Od sekretnego ziela Indian po narodowy napój milionów ludzi. Kto spopularyzował yerba mate?
Jeżeli interesuje Was historia yerba mate, z pewnością wiecie, że odkrywcami jej właściwości była rdzenna ludność Paragwaju z plemienia Guarani. Trudniej jednak znaleźć informacje o tym, jak z cenionej lokalnie “cudownej rośliny” urosła ona do rangi symbolu i nieodłącznego elementu codzienności milionów mieszkańców Ameryki Południowej. W ogromnym stopniu przyczynili się do tego… jezuiccy misjonarze!
Redukcje jezuickie. Utopia, która istniała naprawdę!
Naturalnym obszarem występowania ostrokrzewu paragwajskiego są terytoria współczesnych brazylijskich stanów Rio Grande, Santa Catalina i Parana, argentyńskiej prowincji Misiones oraz wschodniej części dzisiejszego Paragwaju. Po przybyciu Europejczyków, historia tych ziem potoczyły się nieco inaczej niż w przypadku innych kolonii. Nie były rządzone twardą ręką jak choćby ówczesny Meksyk i Peru, a szczególnie wpływową grupą stali się nie konkwistadorzy, lecz jezuiccy misjonarze.
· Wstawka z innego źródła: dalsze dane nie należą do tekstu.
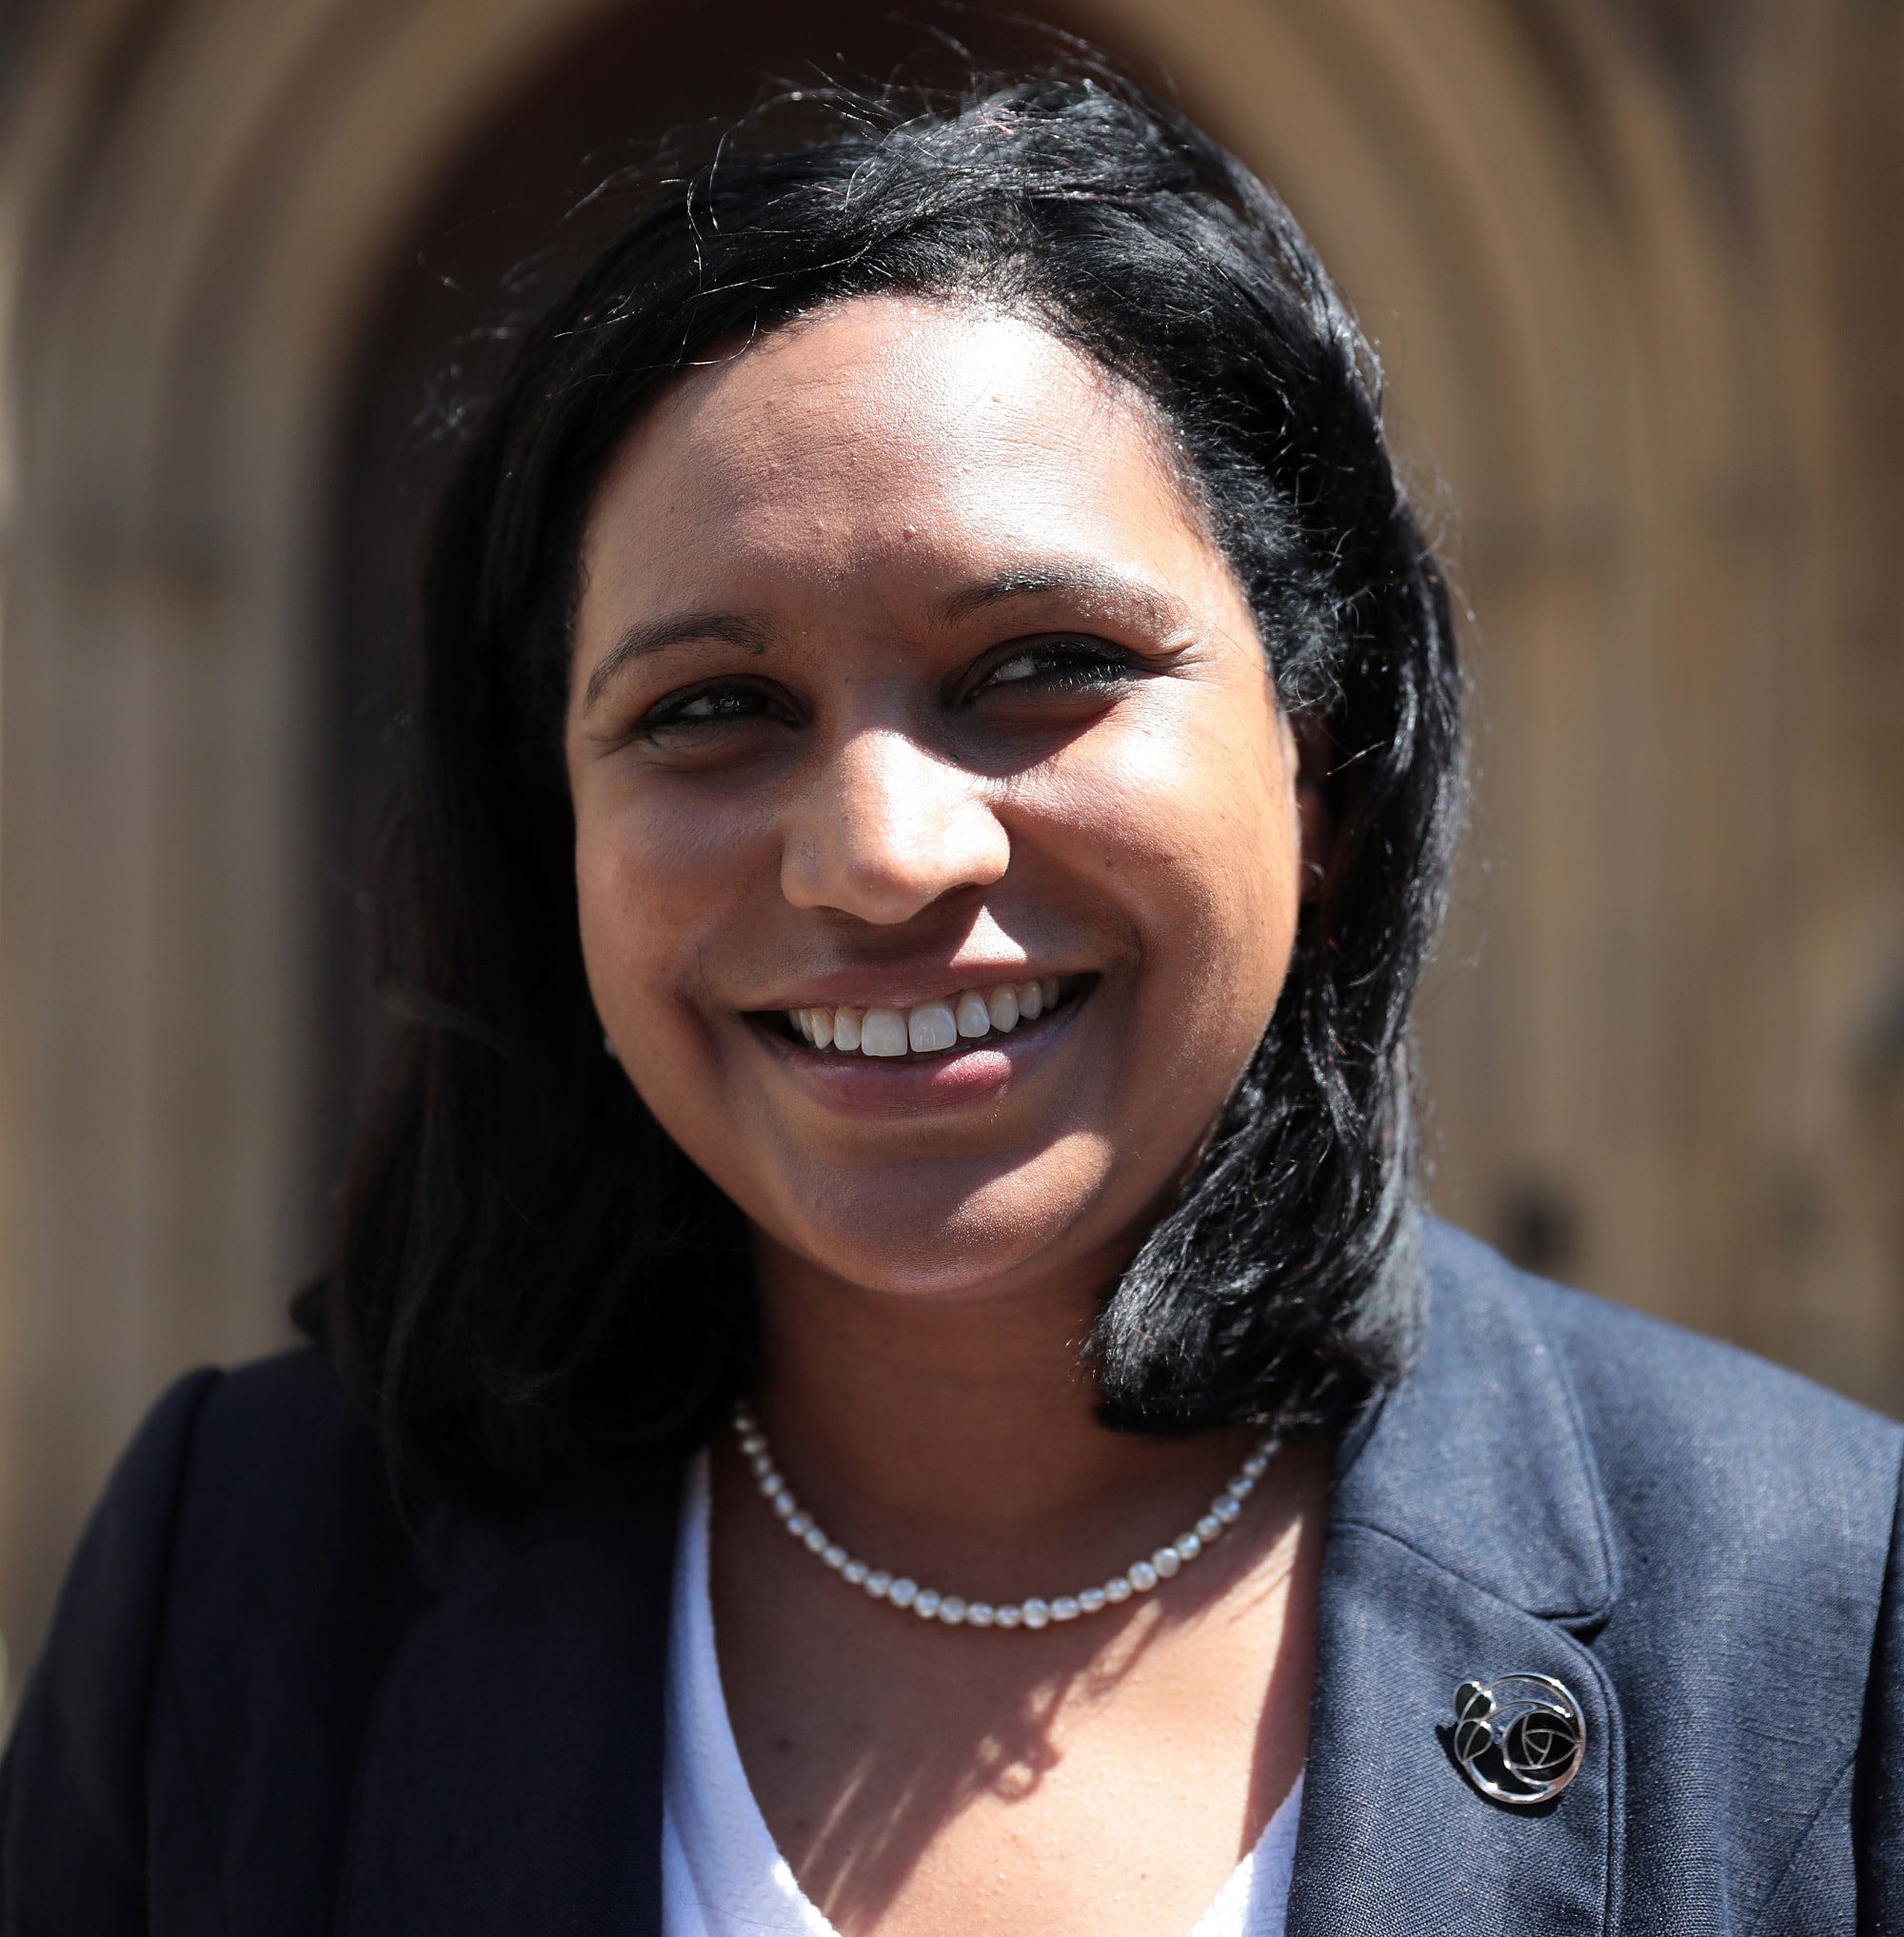 Labour shadow minister Janet Daby has resigned from the party's frontbench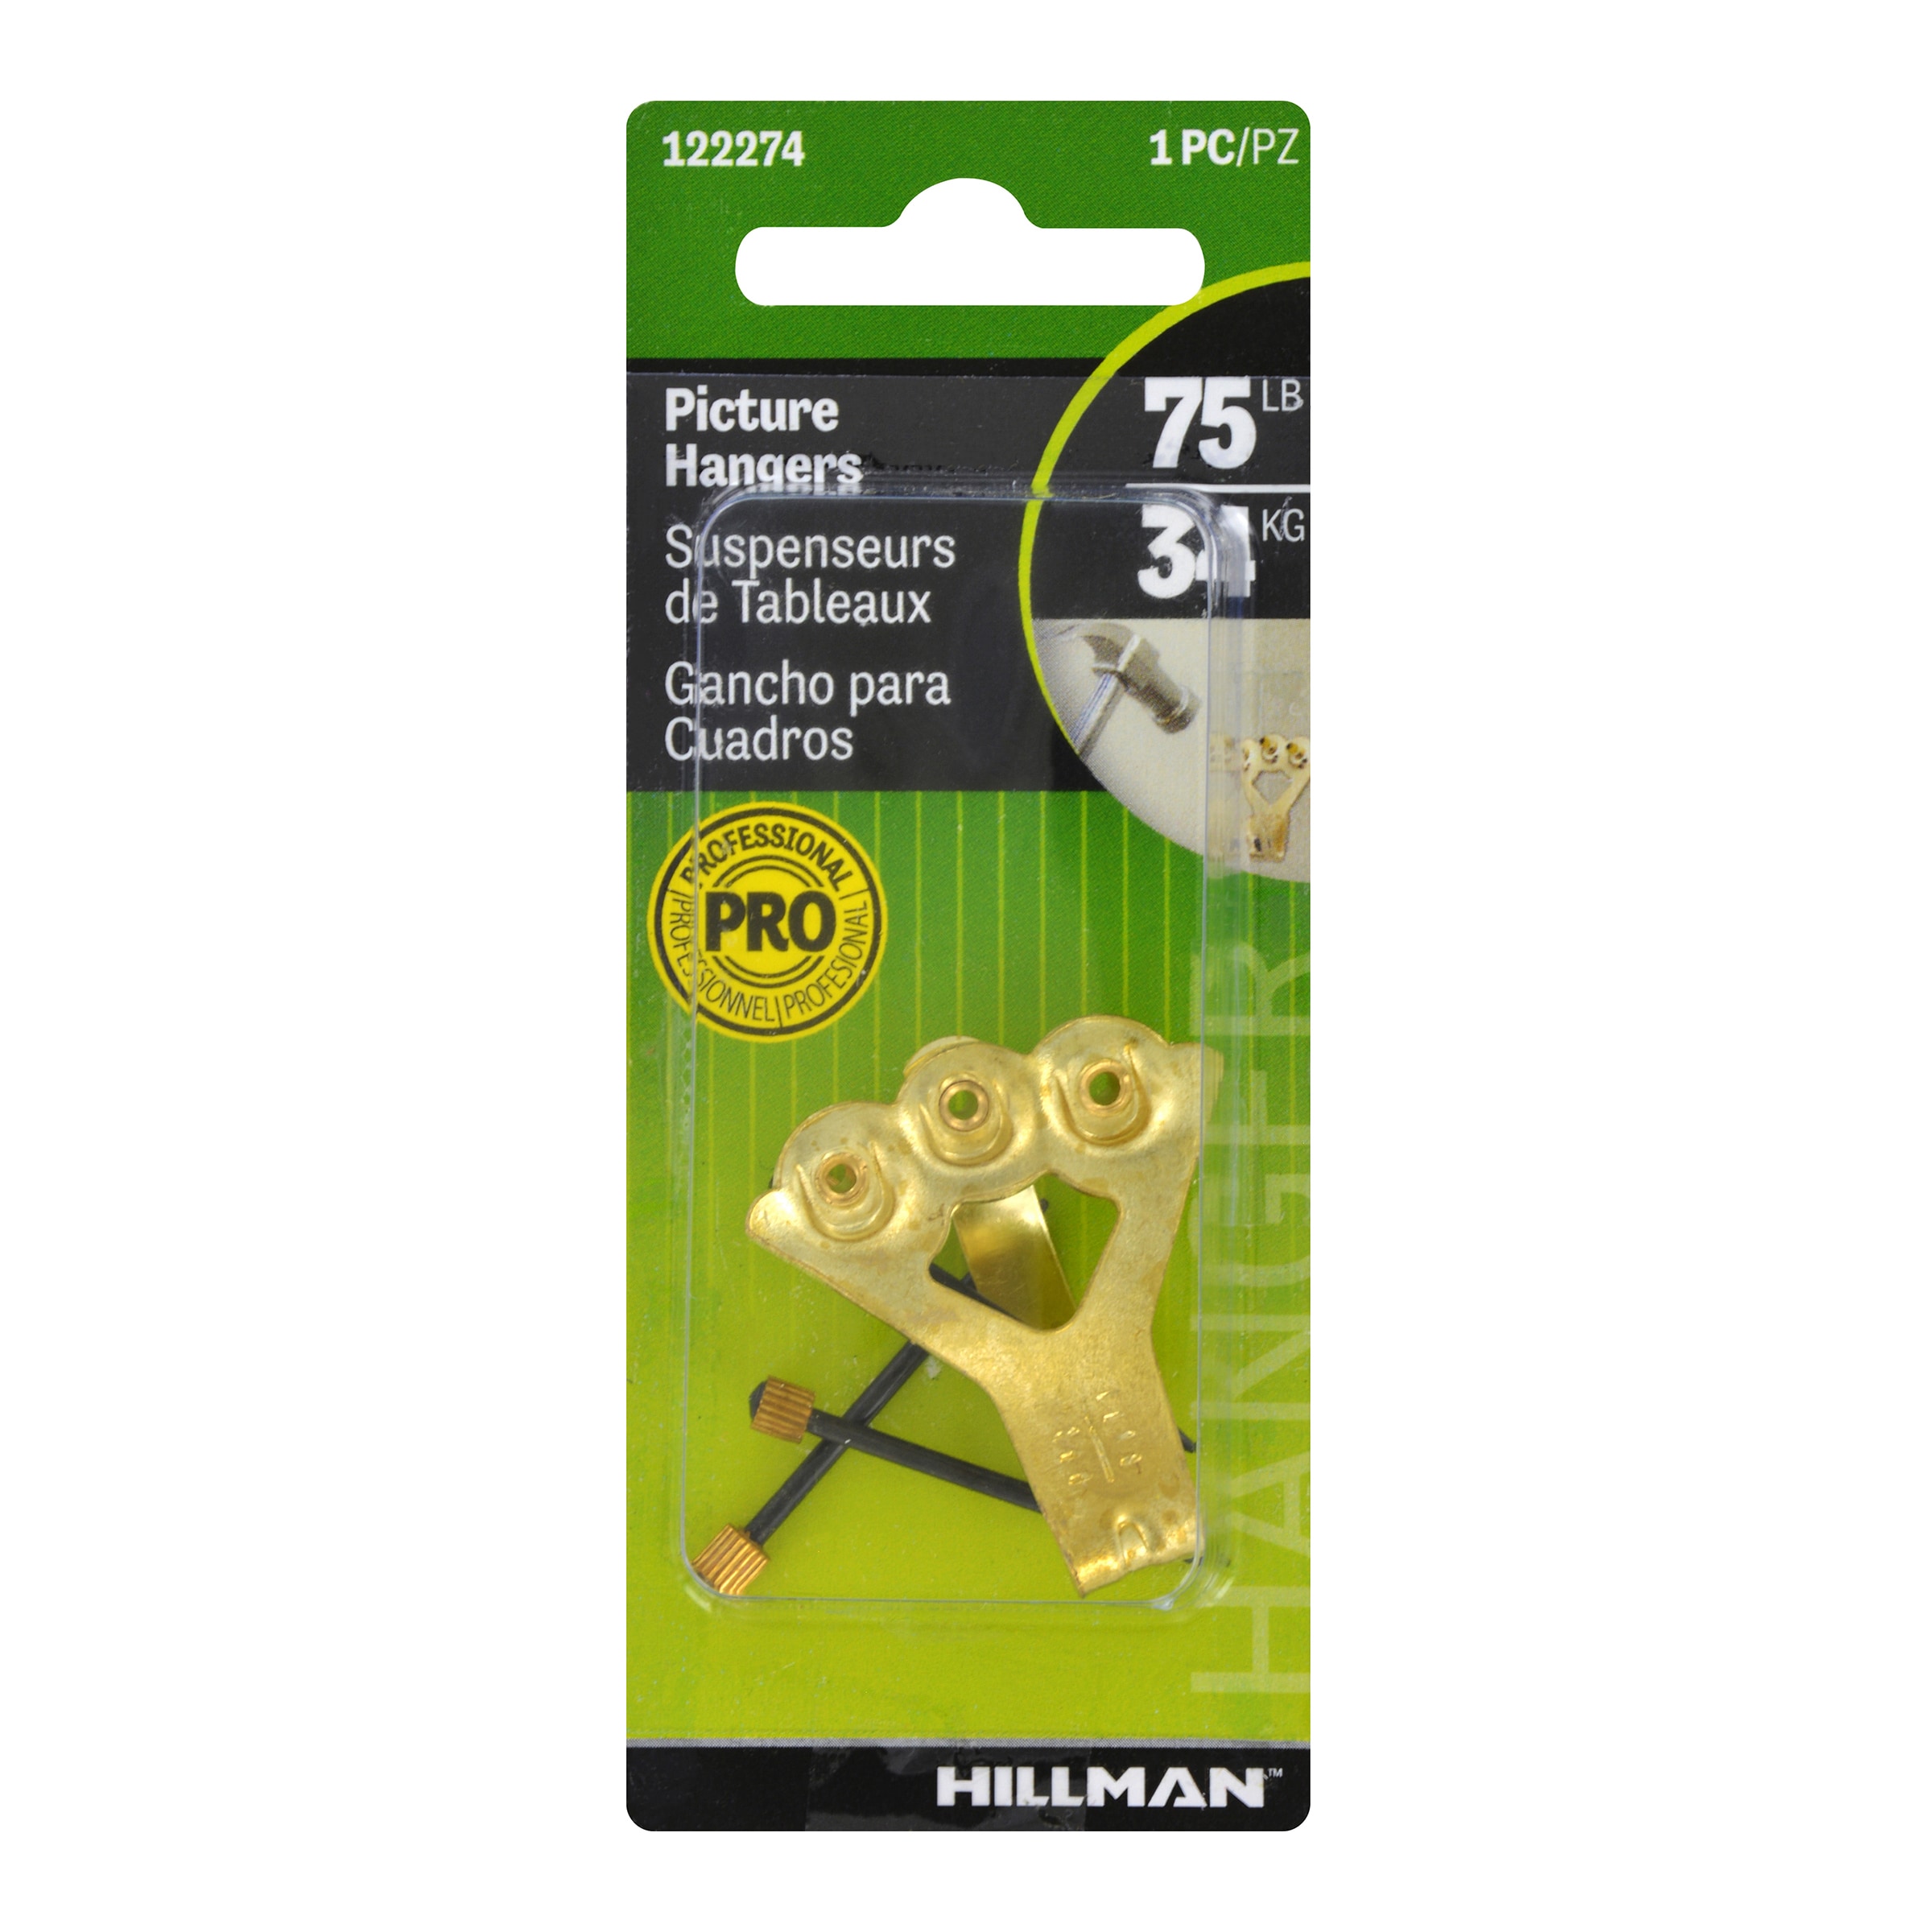 Hillman Picture Hanger Holds 75 Lbs in the Picture Hangers

To właśnie z ich inicjatywy powstały tzw. redukcje, samowystarczalne indiańskie społeczności zorganizowane wedle idei równości, współpracy i szeroko pojętej sprawiedliwości społecznej. Pokojowe nastawienie zakonników sprawiło, że szybko zaskarbili sobie oni zaufanie Indian. Ci zaś wtajemniczyli ich w swój największy sekret; mityczną roślinę, której listki pozwalały im uśmierzyć głód, poprawić koncentrację i dodać niezbędnej energii. Mowa oczywiście o yerba mate.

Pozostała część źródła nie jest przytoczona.